The Lower Galilee Regional Council (, Mo'atza Azorit HaGalil HaTahton) is a regional council in the Northern District of Israel. Lower Galilee Regional Council encompasses most of the settlements in the Lower Galilee with a population of 11,300 (2014), including three kibbutzim, ten moshavim and two community settlements, along with two youth villages located in its administrative territory.
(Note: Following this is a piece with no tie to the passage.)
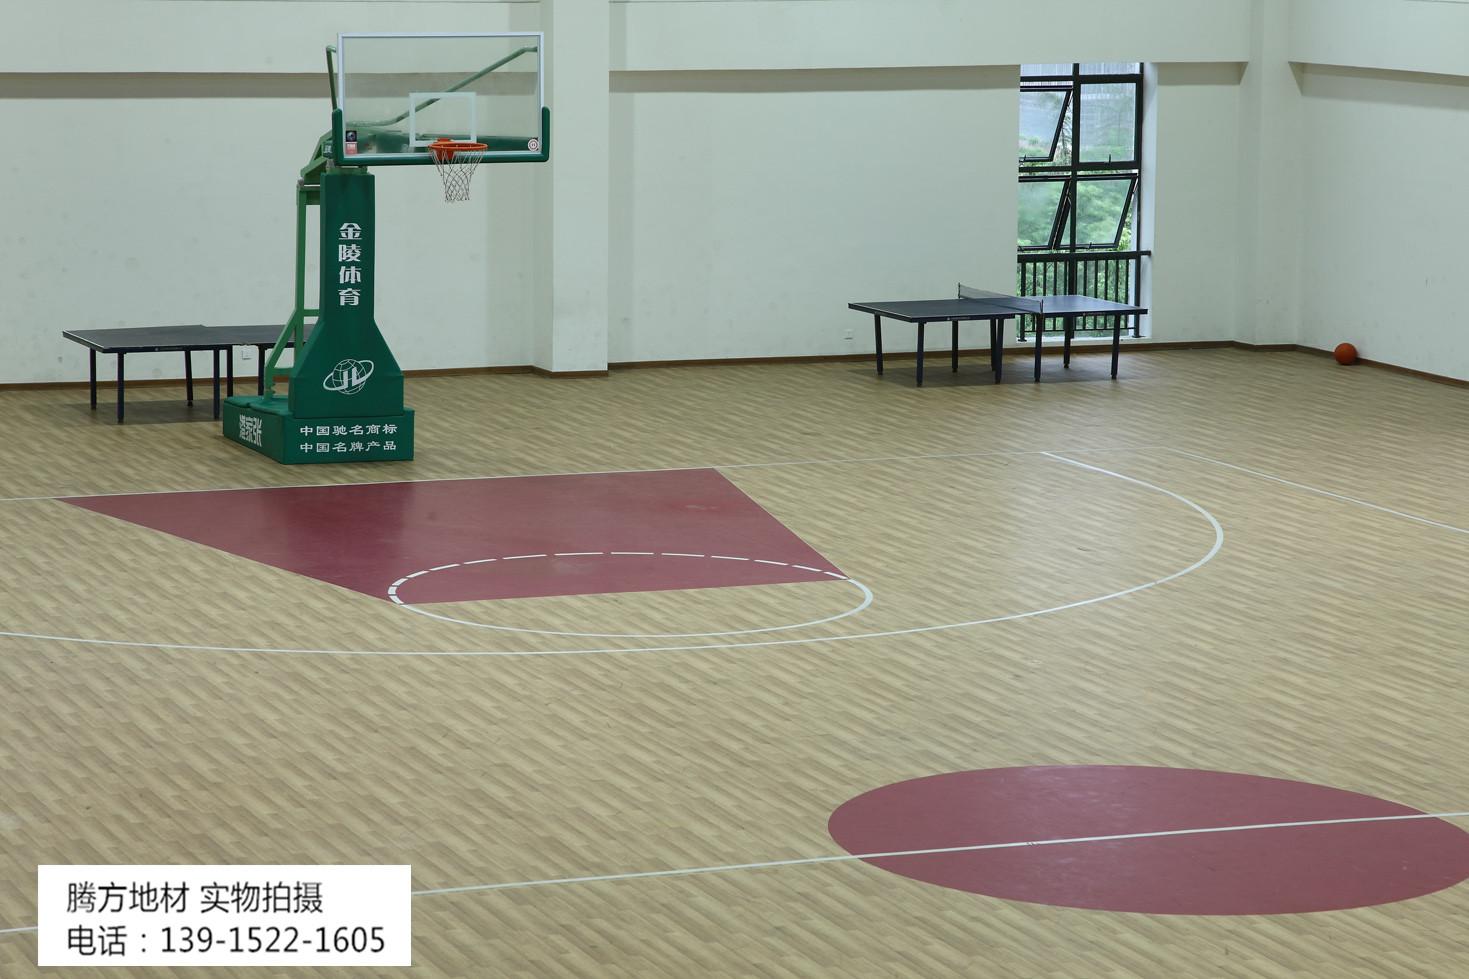 室内篮球场选择低碳环保篮球场pvc运动地板

Kadoorie is the seat of Lower Galilee Regional Council and the council building is situated in the proximity to the Kadoorie Agricultural High School. The current Head of Lower Galilee Regional Council is Nitzan Peleg since 2019.

List of settlements
Lower Galilee Regional Council provides municipal services for the populations within its territory, who live in various types of communities including kibbutzim, moshavim, a moshava, community settlements and youth villages:

Kibbutzim
Beit Keshet
Beit Rimon
Lavi

Moshavim

Arbel
HaZor'im
Ilaniya

Kfar Hittim
Kfar Kisch
Kfar Zeitim

Sde Ilan
Shadmot Dvora
Sharona

Moshava
Mitzpa

Community settlements 
Giv'at Avni
Masad
Mitzpe Netofa

Youth villages
Hodayot 
Kadoorie Agricultural High School

Economy

Tourism
During the last decade a big rise has occurred to the guest houses industry in all of the north region of Israel including the Lower Galilee.

Agriculture
The various branches of agriculture are still the most prevalent economic sector in the council region. This includes floral greenhouses, field crops, dairy barns and poultry raising.

Industry
The council also has two industrial areas co-managed with the municipality of Tiberias and the Tur'an local council:
 Lower Galilee Industrial Zone - includes the Wissotzky Tea factory and the Primor juice factory.